Friday, November 13, 2009

Right-Wing Economics is WRONG

AS if we didn't know this already----






by Robert Creamer


Even as Republicans blather on about the evils of a so-called "government takeover of health care," economic news has provided two new key illustrations that the intellectual foundation of right-wing economic orthodoxy has collapsed.

First, the most recent economic numbers on changes in Gross Domestic Product (GDP) and employment made it increasingly clear that -- as The New York Times reported last Saturday -- the Obama economic stimulus and the massive government intervention in the financial markets were the critical medicine needed to prevent complete economic collapse.

It is now clear that, left to their own devices, there can be no doubt that private financial markets would have pulled the entire economy into another Great Depression. Though job losses continued, last month they continued to shrink from their massive January highs. At the same time, the contraction of the GDP dropped to its lowest level since Lehman Brothers collapsed last September.

Even as the right continues to rail against the Obama stimulus package, there is now near-universal consensus that the $700-billion-plus stimulus bill is largely responsible for beefing up the GDP in the last quarter. Studies by the private research firms IHS Global Insight and MoodysEconomy.com concluded that it is already responsible for saving 500,000 jobs.

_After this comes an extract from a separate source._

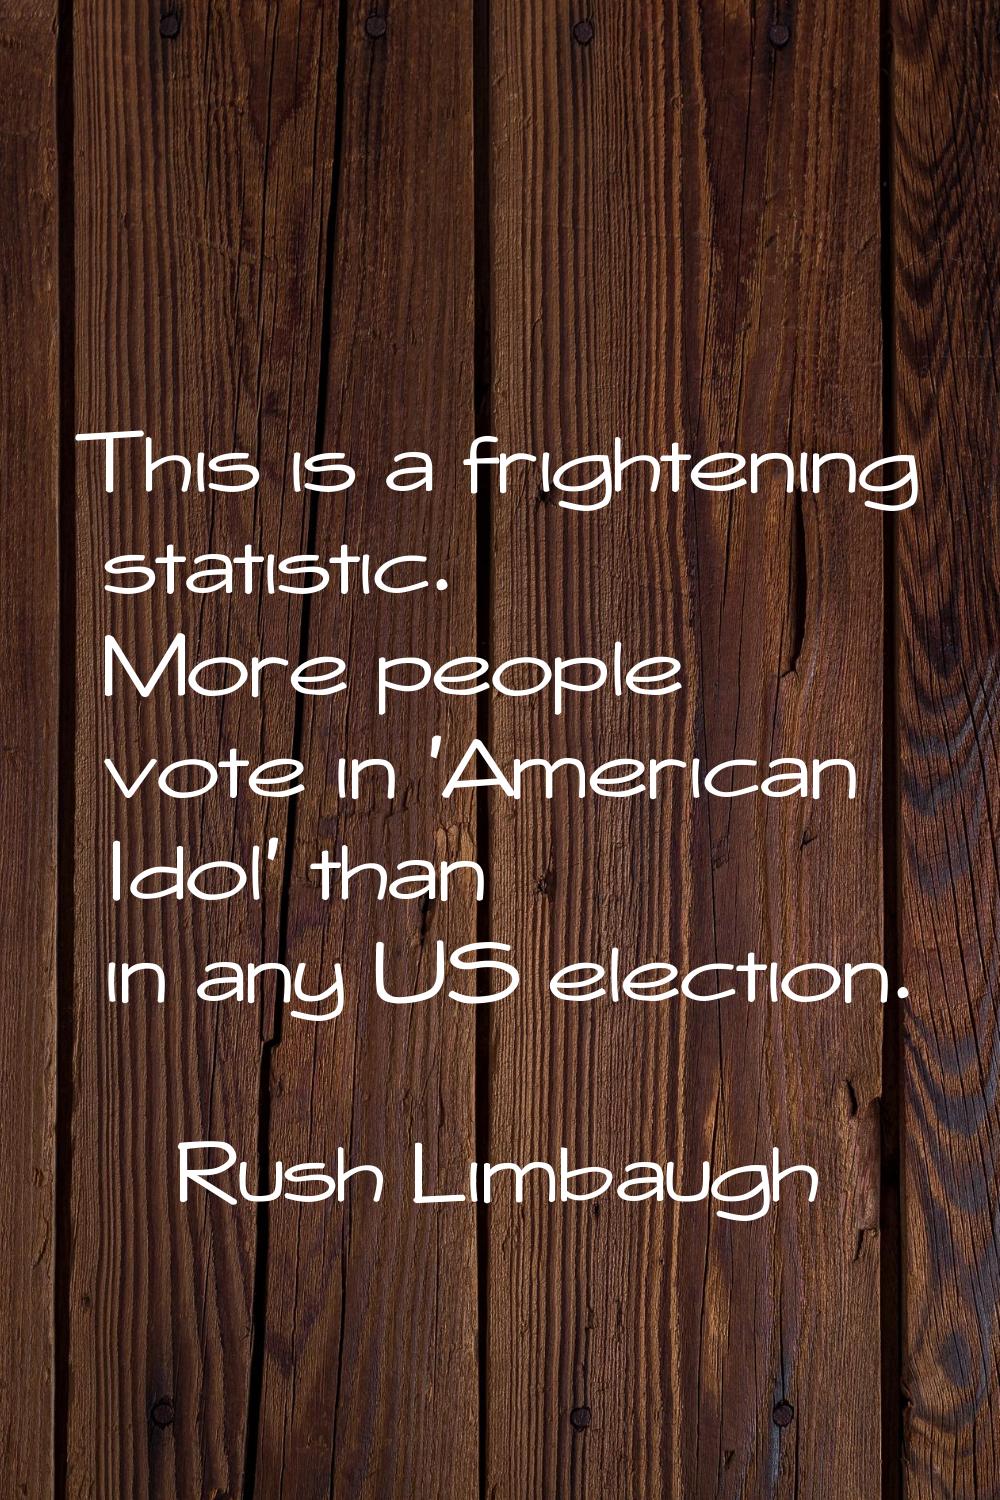 This is a frightening statistic. More people vote in 'American Idol' than in any US election.
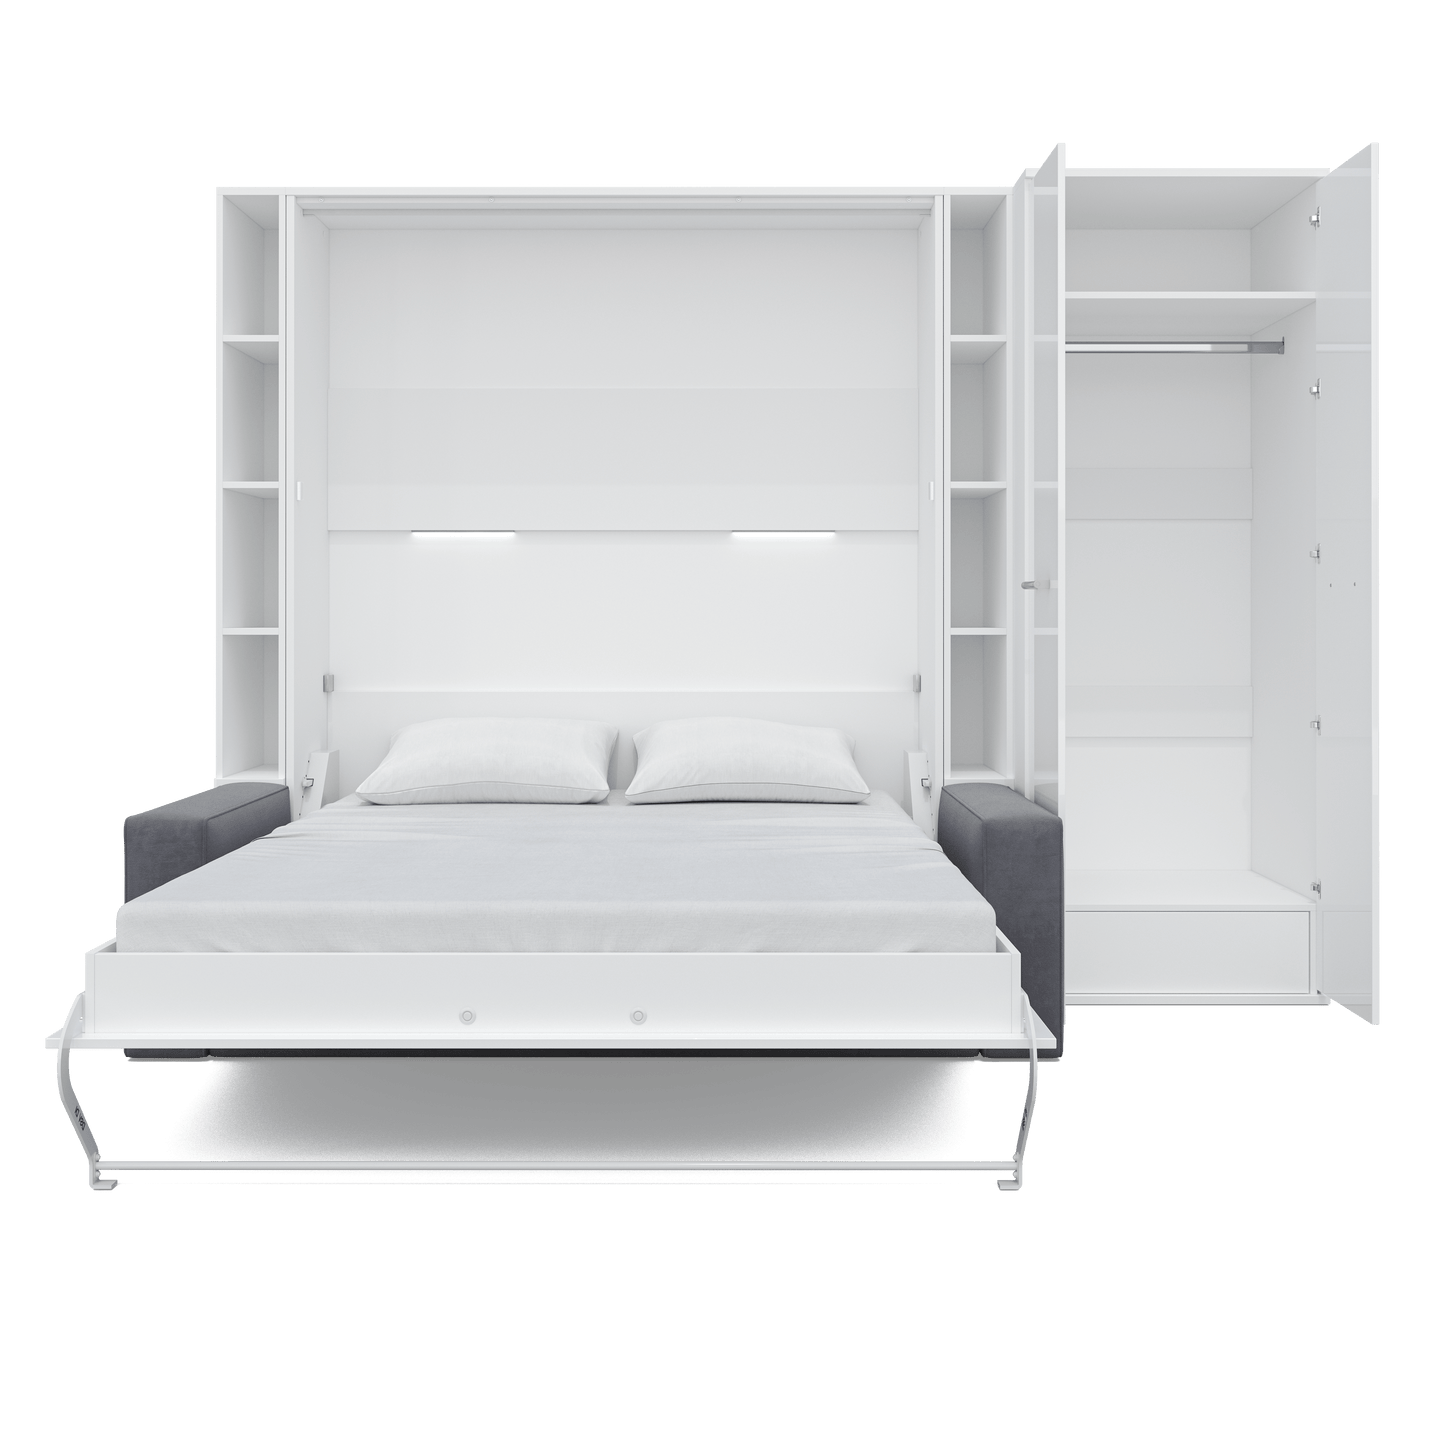 Maxima House Maxima House Vertical Queen size Murphy Bed Invento with a Sofa, two Cabinets and Wardrobe

Everyday there is fresh evidence that government spending to stimulate demand was critically necessary to pull the country out of the economic tail spin caused by the reckless risk-taking of essentially unregulated private financial markets. Contrary to right wing theory, private consumer demand and new business investment are not leading the way out of the Great Recession -- in reality, government demand was an absolute necessity.

But the second piece of economic news tells even more about the bankruptcy of right wing economic thought. Throughout the heyday of Reagan's "supply side revolution" and Bush's tax cuts, the Republicans and the right wing intellectual establishment have hung fast to their foundational belief that tax cuts for business would create private sector jobs.

Well, the great experiment in "trickle down" economics is over and the results are in. The New York Times reports that, "For the first time since the Depression, the American economy has added virtually no jobs in the private sector over a 10-year period. The total number of jobs has grown a bit, but that is only because of government hiring."

In fact, since George Bush and the Republicans in Congress passed two massive tax cuts, we have seen a massive, secular decline in the creation of private sector jobs.

Of course it won't surprise anyone that this decline has been led by the reduction of American manufacturing jobs. There has been a decline of 3.7% in overall manufacturing jobs in the United States over the last decade.

Remember that we're talking here about an absolute lack of increase in private sector jobs -- zero increase in actual jobs -- even as the population of the United States has grown. Economists tell us that the economy must create 150,000 new jobs each month just to stay even with population growth.

The failure of the economy to produce any private sector jobs at all would have been even more devastating had it not been for a small but significant growth in public sector jobs at the state, local and Federal levels. Of course these are precisely the kind of jobs that the Republicans and Right decry at every opportunity. "Every one knows," they say, "that job growth is really driven only by the private sector." Wrong...maybe in the imaginary world of the Heritage Foundation or Cato Institute, but not in the real world of the American economy.

And let's be clear, the Bush tax cuts didn't just produce fewer jobs than advertised. They didn't produce any private sector jobs at all. The whole experiment in handing over money to the wealthiest people in America so they could use it to benefit the rest of us was a colossal - empirically verifiable - failure.

Turns out that when given the chance to use all of those tax cuts, the top two percent of the population used them to speculate in exotic derivatives, to drive up the prices of high end real estate, pay exorbitant prices to the designers of $4,000 blouses and $2,000 shoes. There is absolutely no evidence that they made any more investments in new manufacturing plants, or started up any more businesses than they would have had they paid the same tax rates that they did when Ronald Reagan took office and private sector job growth was 3% per year.

No, instead the rich used the Bush Tax Cuts to create the gigantic economic "bubble" that ultimately burst and caused immeasurable hardship and suffering to millions of average Americans and everyday people across the globe.

Bottom line is that the rich sold America a bill of goods. Give us big tax cuts and we'll give you jobs growth, they told us. America kept its end of the bargain, and the rich reneged entirely on theirs.

In a word, the economic theories of the Republicans and the Right were simply wrong. In fact, they were elaborate intellectual justifications for the richest among us to enrich themselves even more.

The Republicans and the Right Wing establishment will continue to ignore reality, to repeat their slogans, to pander to fear, stand up for wealthy special interests. But history has rendered its verdict. Everyday more and more people see clearly that the Right Wing ideological emperor has no clothes -- and realize that if, together, they take control of their own destiny they can build a foundation for long-term economic prosperity that benefits us all.